In the car I use the plastic crates. However, I have left them in their overnight when we are traveling and really I would not consider them big enough for long term comfort. I can tell when I let them out after an extended period that they show some stiffness from being in one position for too long.

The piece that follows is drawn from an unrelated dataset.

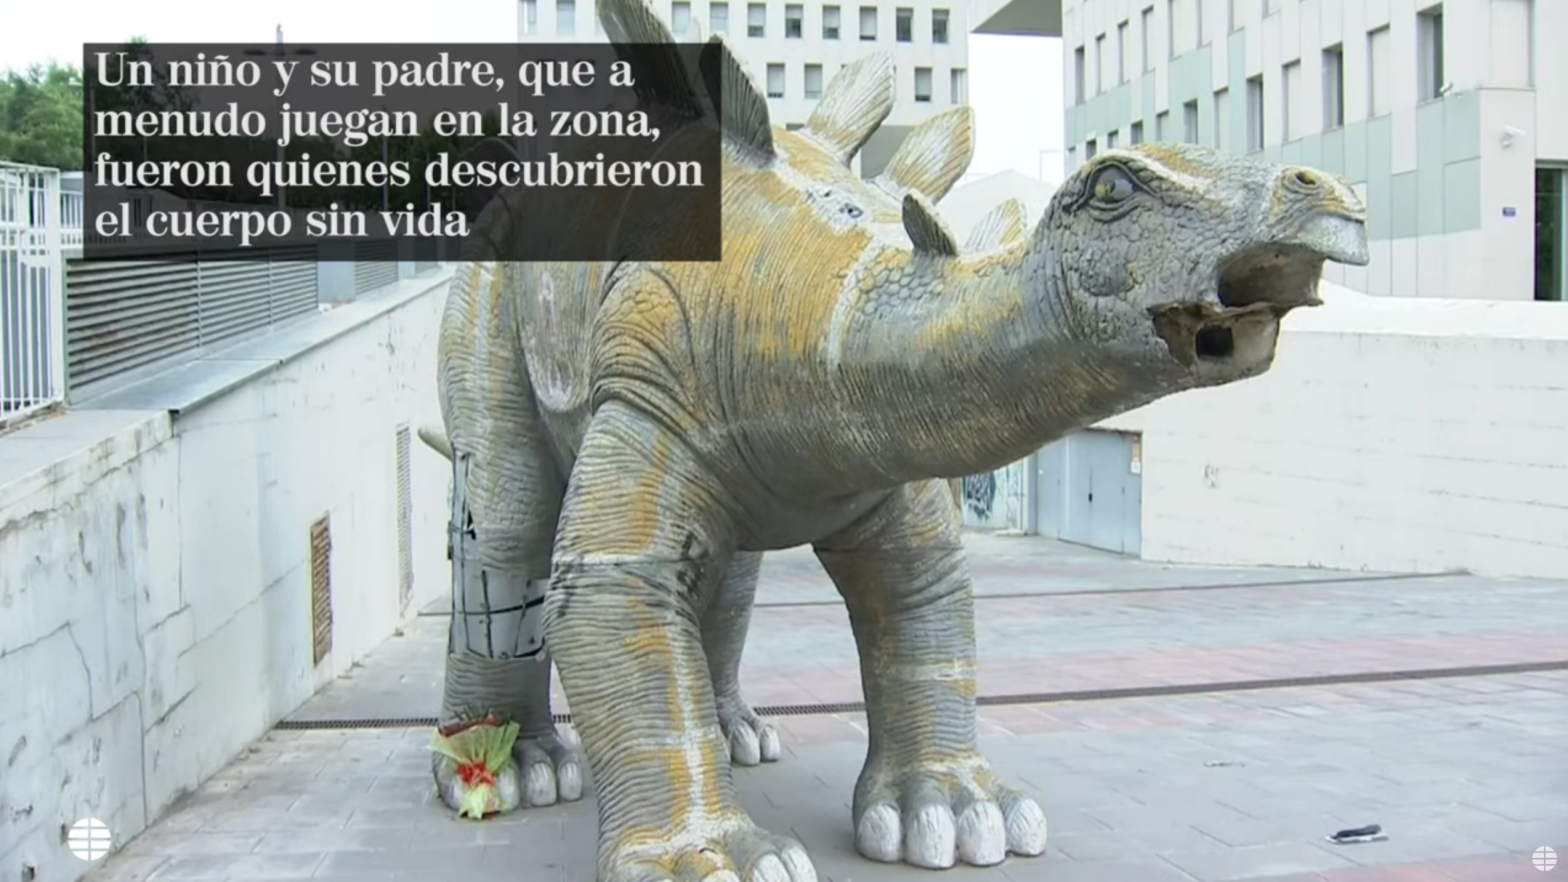 The dinosaur statue in Santa Coloma de Gramenet, Spain, where a human body was recently discovered. (Screenshot: El Mundo/YouTube, Fair Use)

My 2 big dogs (95 and 85lbs) are in 500s, that's the XL varikennel that is 40" long. Petmate Extra Large Vari Kennel Ultra - Dog Crates at Dog Kennels

My 2 smaller dogs (65 and 70lbs) are in 400s, that's the L Varikennel that is 36" long. Petmate Large Vari Kennel Ultra - Dog Crates at Dog Kennels


----------



## SouthernThistle

Grimmies (87 lbs) has a 42" crate. 
Gidget (40 lbs) has a 36" crate.

Grimmies enjoys cramming himself into Gidget's crate anytime her door is open, and she's not in it. Grimmies does fine in his 42" crate because he lays up against the back of it with his head resting up on the side so he's always looking at the door. 

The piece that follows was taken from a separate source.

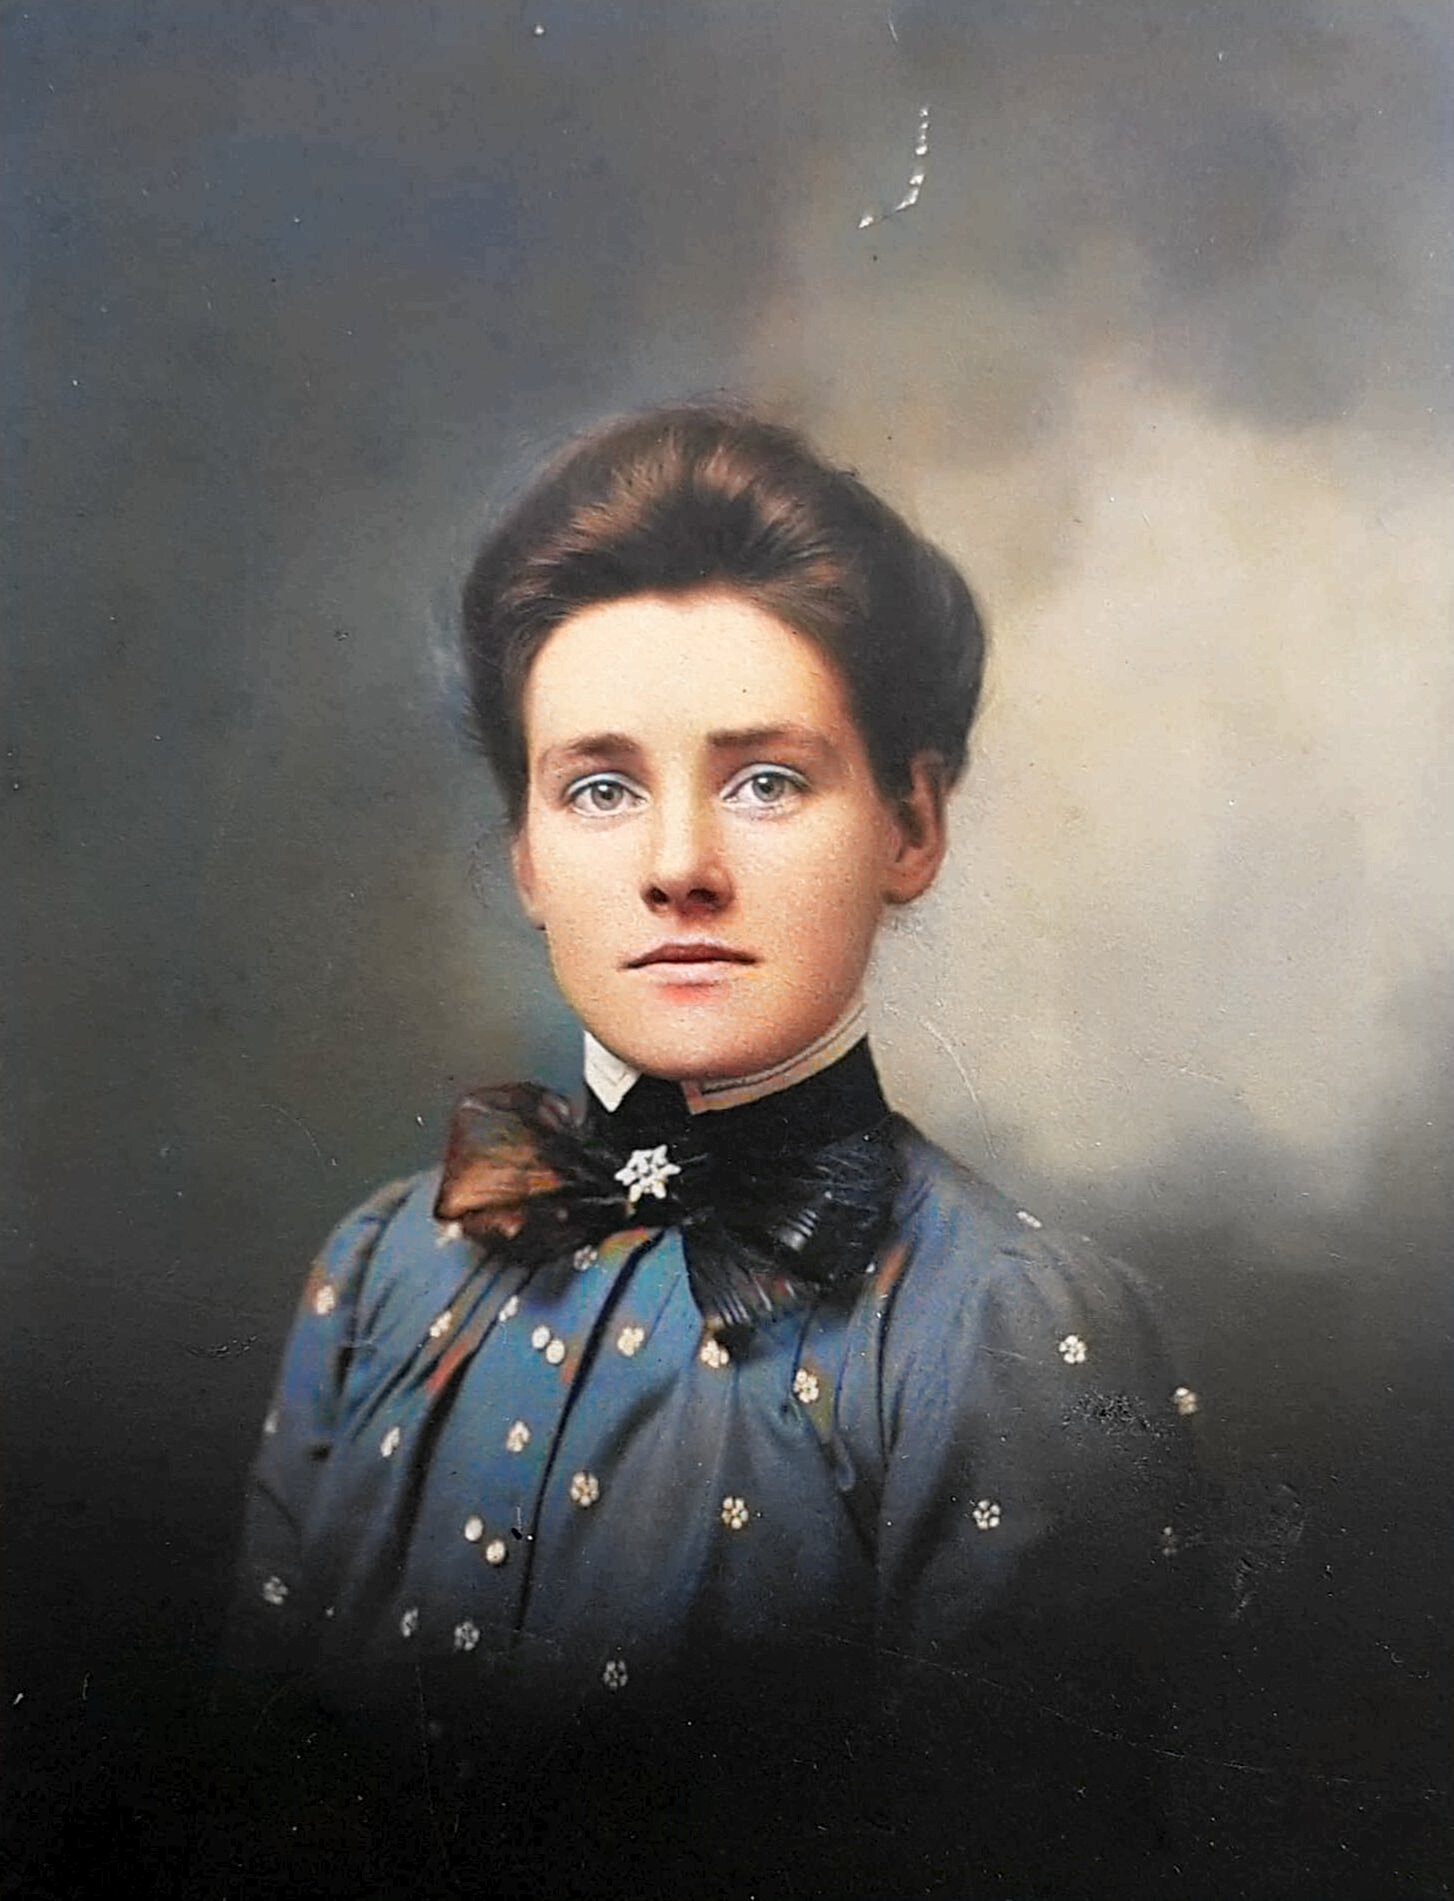 My grandmother Jenny Sandqvist, photo taken in New York around 1903

Both of their crates are metal wire (steel, actually) that we got from a farm supply store in South Georgia. I don't know the maker of it, but they're wider than most crates I've seen and are much heavier duty.


----------



## Liesje

I use 36" in the car and 42" in the house. Coke is the tallest dog - 26" - Nikon is the heaviest - 70lbs. I see no need for 48"s for my dogs and would never be able to fit those anywhere anyway!


----------



## elisabeth_00117

I have a 48" crate but the only reason I got that one was because it was only $5.00 more than the 42" at the time. Stark doesn't do anything but eat in his crate anymore so I like the idea he has room to move around if he wants too while chomping away on those bones.


----------



## Rerun

42" is more than big enough for standard size shepherds, I do have a 48" petmate for my tallest because he is very talllll and very loonnggg. He has a TON of room in there, and would "fit" fine in a 42"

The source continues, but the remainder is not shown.